“I’m Too Busy to Date.” Cut the Bullsh*t

Stop me if you’ve heard this one before: “I’m working two jobs while going to school. I just don’t have time to date.”

Listen, if a high-powered CEO can find time to cheat on his wife with a twenty-something year old mistress and then marry her once the ink dries on the divorce papers you have time to date. If a celebrity you idolize (who has done nothing of substantial worth for society) can manage three movies a year while getting married to another celebrity after dating a mere seven months- you have time to date. I’ll dumb it down for you- if you have the nerve to look at your phone to tweet/scroll through endless plates of food on Instagram, you have time to text someone to get to know them to date.

Women say they want a man who is understanding, supportive, and blah blah blah but are not putting the time in. I’m sorry but school is not an excuse. Your nose can’t be buried in your books all day every day. Studying that much will turn your brain into mush rendering your attempts at memorizing notes useless.

You want a man who is supportive but won’t let him help you study- come up with vocabulary flashcards, make up mock quizzes for you to practice on, none of that? But, wait, didn’t you say you wished TV romances were real? Remember in One Tree Hill when Haley James helped Nathan go from being a C- to an A student? She motivated him, she made him wanna be a better man. She started out as his his tutor, yes, but it isn’t like you know everything in the world in what you’re studying that you can’t pick up something new from an outside source. Nathan taught Haley how to be confident in herself, something she had been severely lacking. They made it work because they built what they had. 

High school dating is different than college. WRONG. You only think it’s different because that’s what society tells you. They say once you get to college you have to be serious. Why? It’s just another piece of paper. If you can do some underage drinking as a high school sophomore you can meet for a few beers as a college freshman.

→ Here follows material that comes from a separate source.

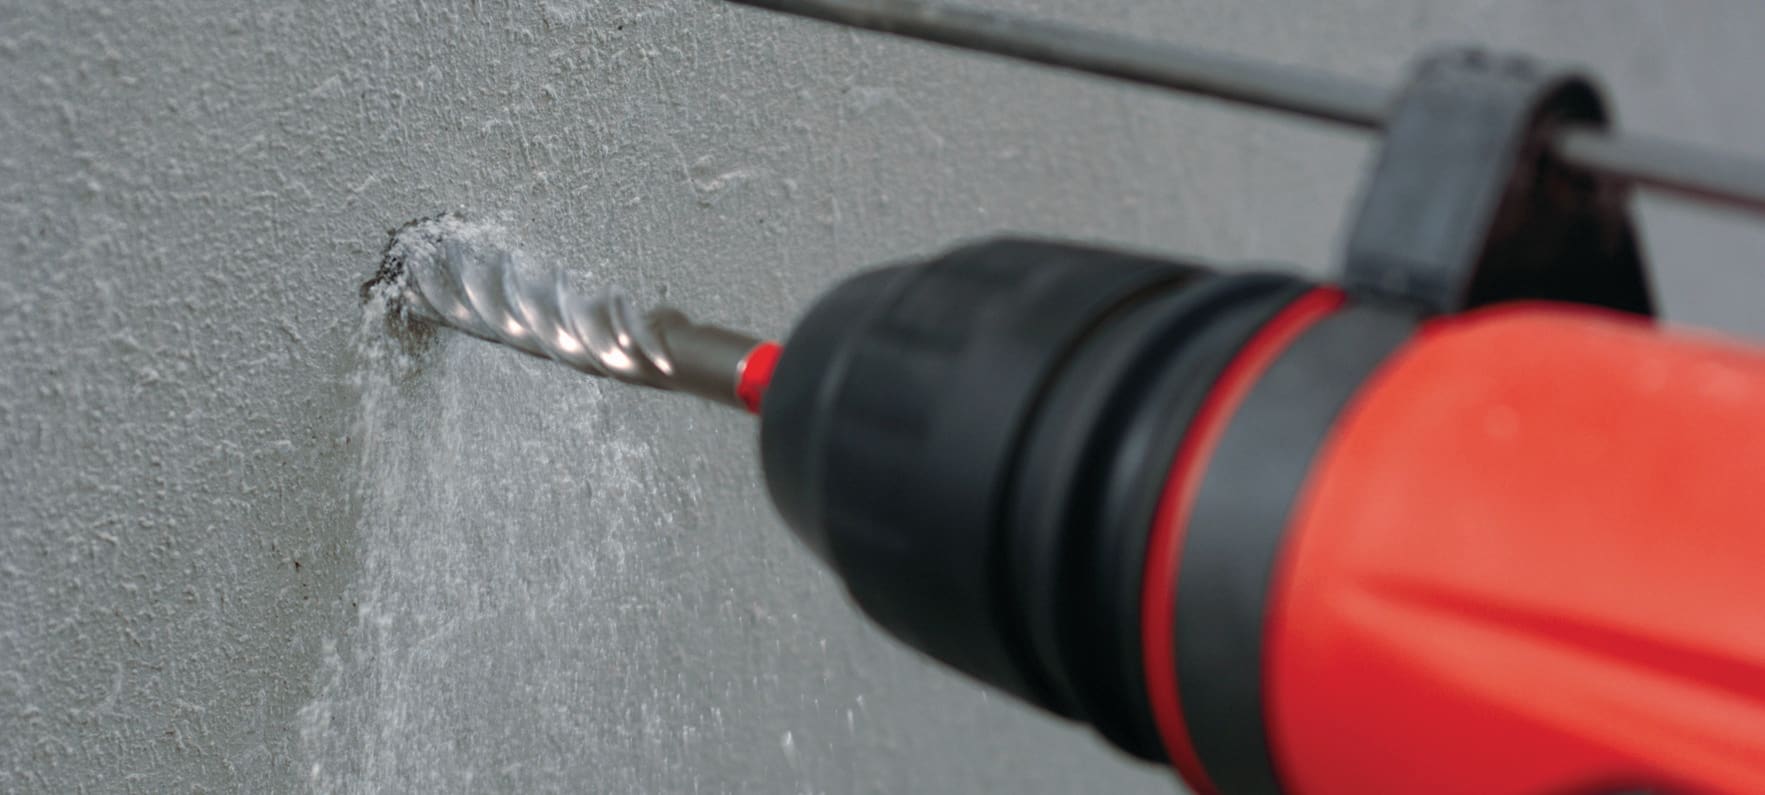 Hilti Hilti TE-CX Hammer drill bit 6mm x 220mm TE-CX 6/22 working length 150mm SDS+

If you can accept your high school boyfriend’s “promise ring” then you can kiss that boy in your psych class in front of the English building. This is doubly true if you’re in community college. It’s basically another version of high school. Stop making excuses for reasons that don’t exist.

Back to the Haley James/Nathan thing- you’re telling me the roles can’t be reversed? You’re too proud to accept help from someone who is willing to go out of his way to help you get that illusive A+ despite just meeting you? I’m lost. You women need to stop wanting to be so independent & proud while stopping this expectation that a man will just sit around hoping you’ll finally make time for him while you’re tweeting that you can’t find a good man who will make time for you. Fucking hypocrites. Didn’t he offer to meet you during your lunch break at work- so what if it’s a half hour. You think he’s not happy to just be with you? The little things count. Well that’s one of the many little things, dummy.

I had the pleasure of assisting a woman I met on twitter with an essay she’s writing for her anthropology class. She has a boyfriend so I knew my place. After voicing my opinion about something she tweeted in regards to this essay she mentioned wanting to ask me for advice. She knows I’m a writer so not only did she want my help but specifically singled me out because she knew I would know what I was doing. I was elated with the fact that she even thought of me. Here I am thinking my tweets are being ignored but she noticed me, remembered me, thought of me. Doesn’t matter that she has a boyfriend- as someone who would like to be a friend I’m glad that I was able to prove some kind of worth to another human being. She utilized my skills as a writer to give her pointers. Where has any of this been with the fish I have managed to wheel in?

I want to be the boyfriend who helps you pass your classes, who shares in the excitement at the sight of your A’s because I know how hard you worked but also take pride in the fact that I helped you get there. I’m being a supportive boyfriend not by sitting on the damn sidelines waiting for you to call, but sitting right beside you in battle; the way things should be. I want to learn what you’re learning. They say if a writer falls in love with you, you’ll never die. By letting me help you I will be learning new things which might spark the topic of a novel which means you will most likely be in it.

Immortality through the written word. Even in your death men will be looking for you in the women they meet because they fell in love with the you on my pages. What could be more romantic than that?